▸ Action item: Please copy out the full listing that follows exactly; no picture belongs in the copy.

▸ Raw data:
[Start of section]

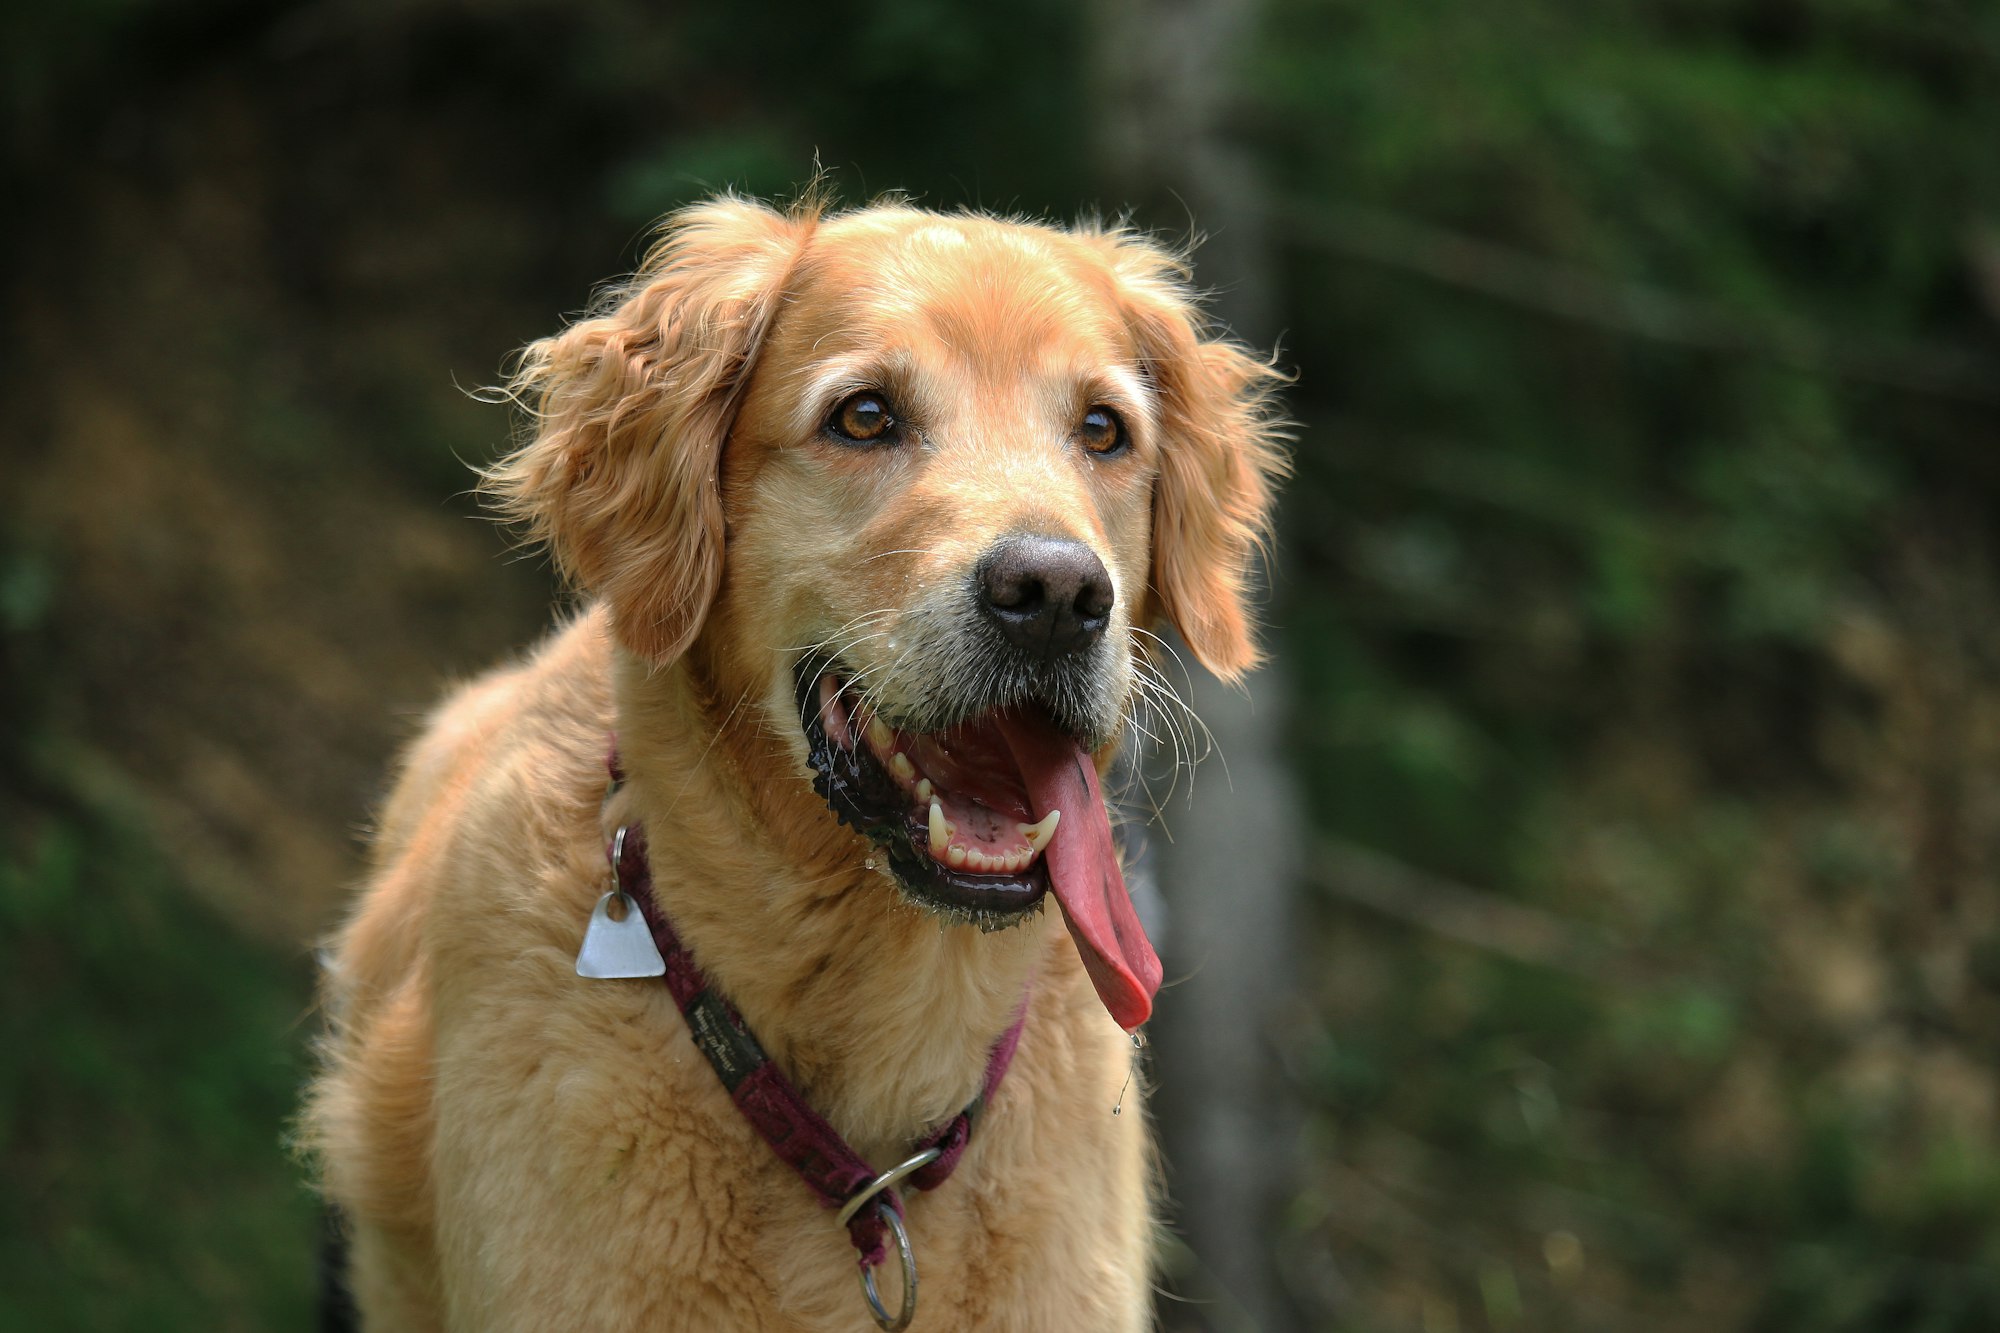 9 year old Golden Retriever. 
Photo was taken when we hiked in the alps to Hochries.
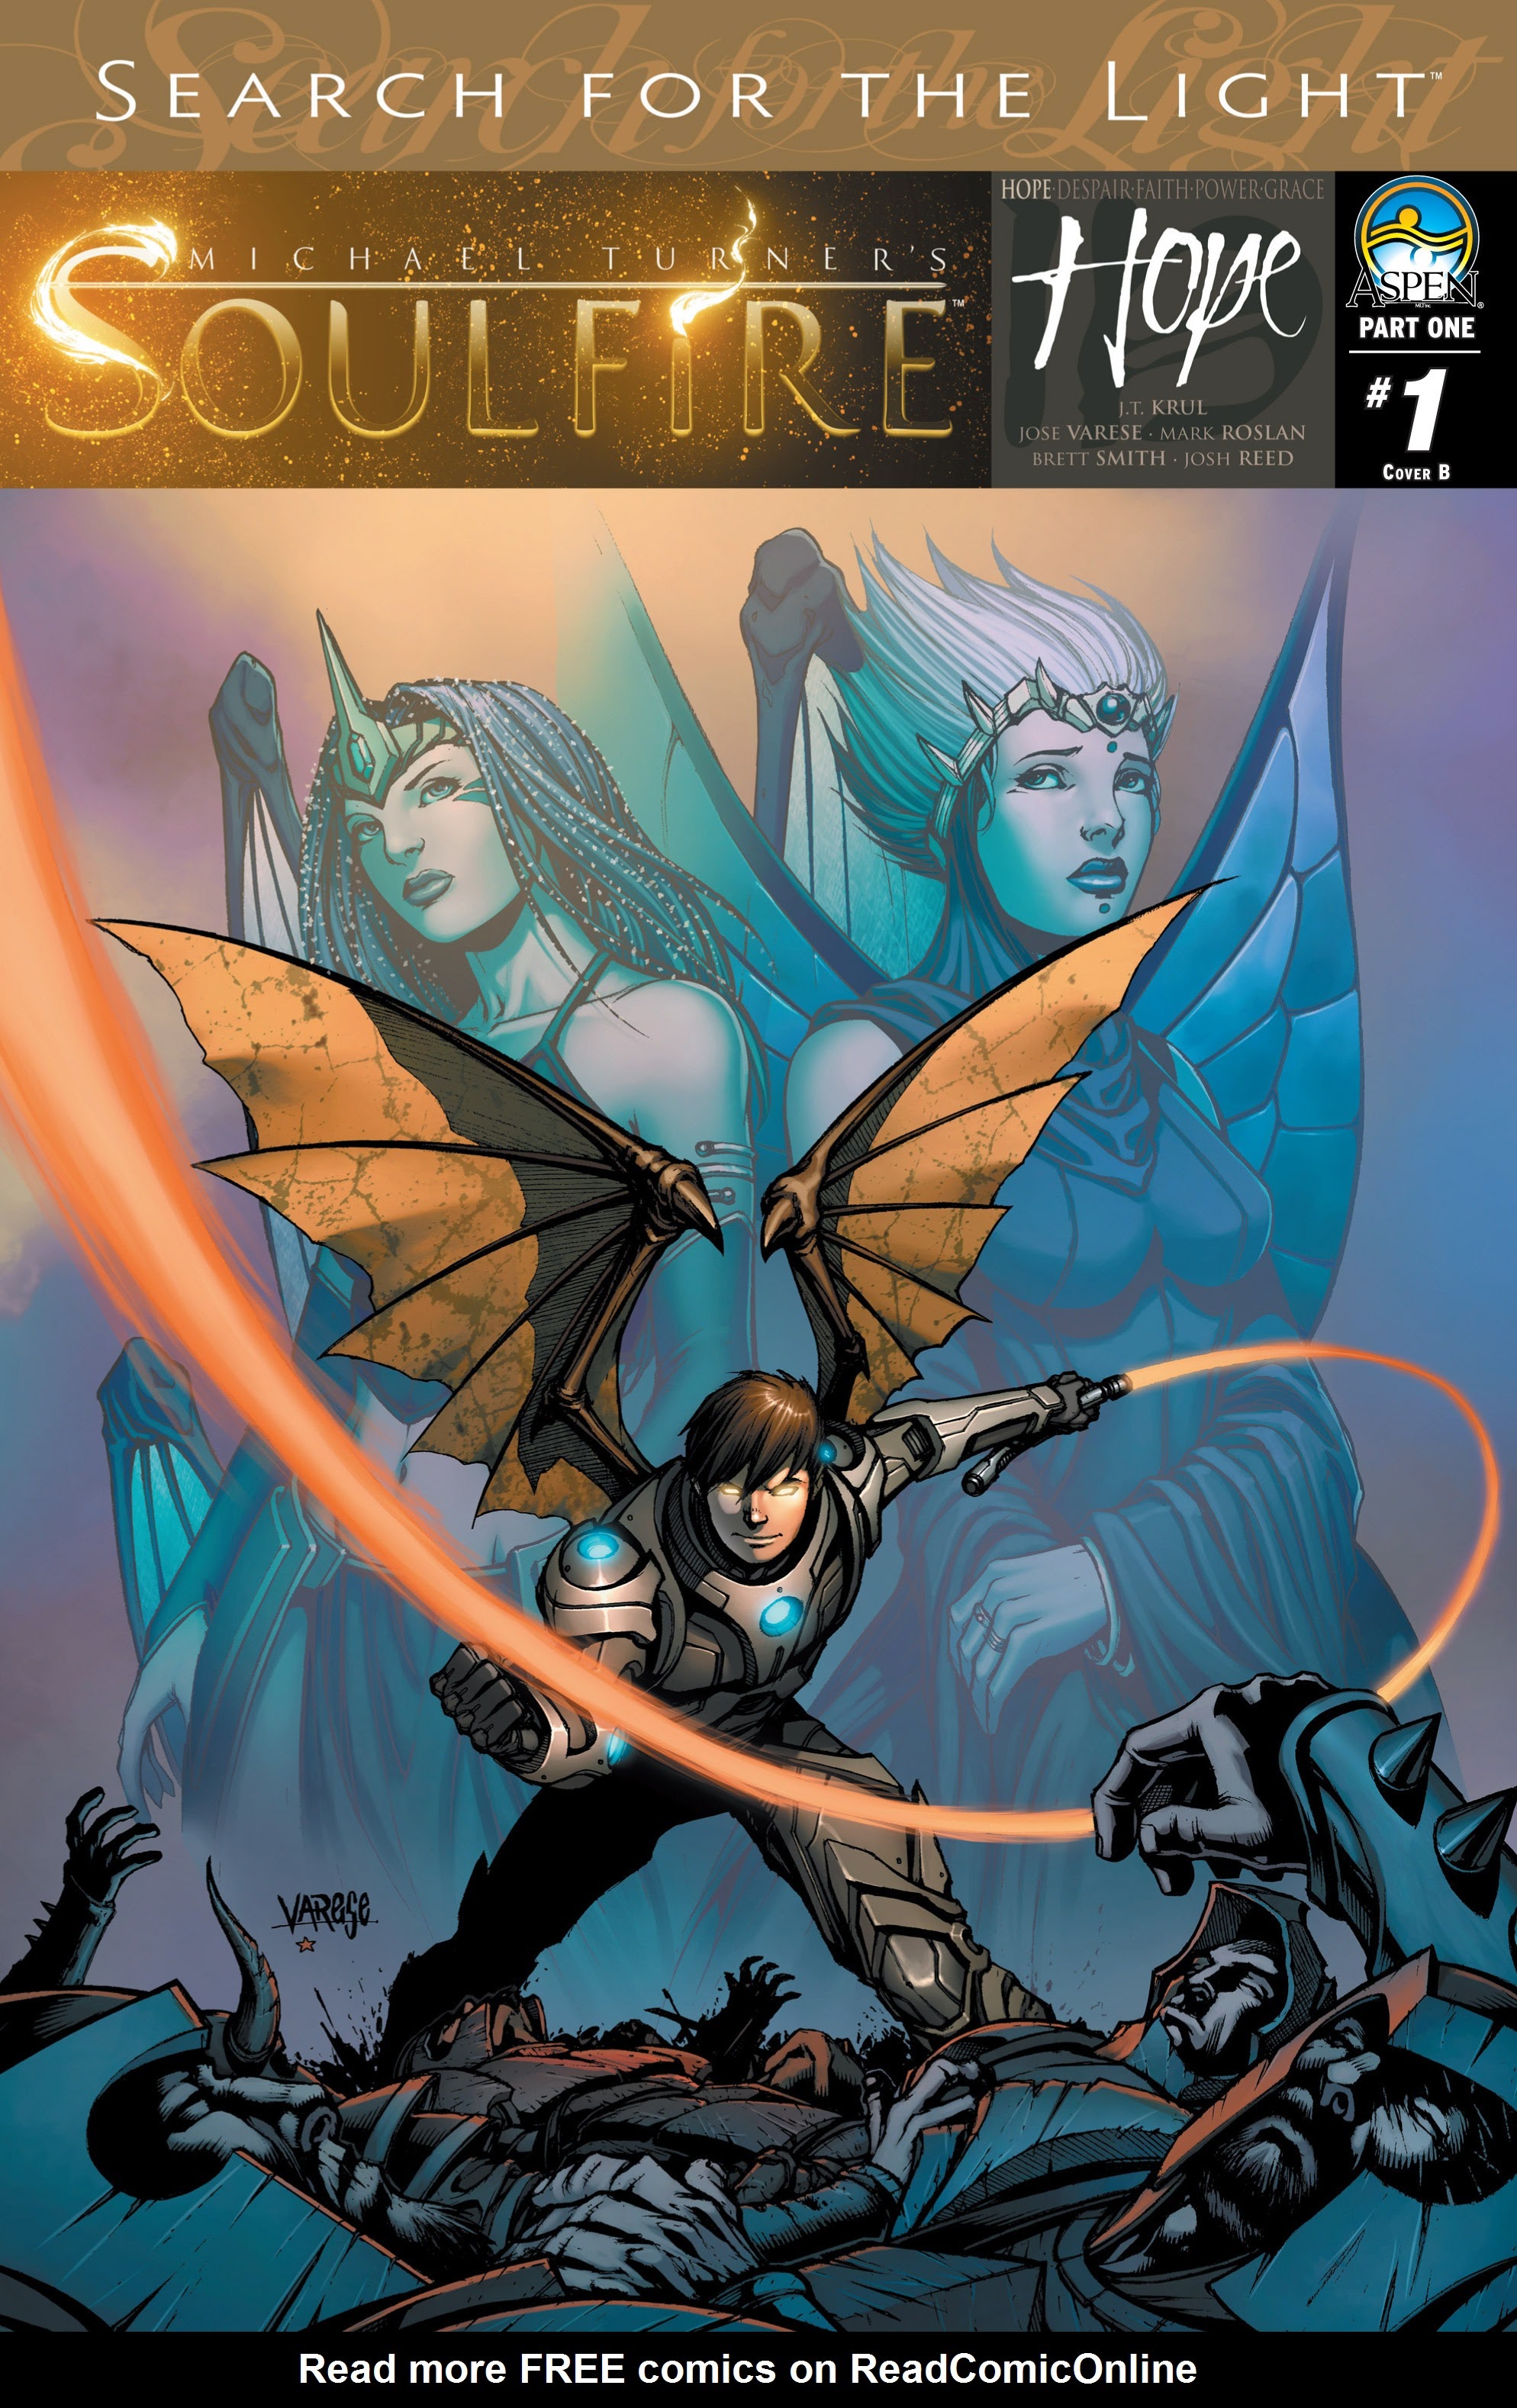 Read online Soulfire: Search For the Light comic -  Issue # TPB - 3

[End of section]

▸ Written response:
 9 year old Golden Retriever. 
Photo was taken when we hiked in the alps to Hochries.
 Read online Soulfire: Search For the Light comic -  Issue # TPB - 3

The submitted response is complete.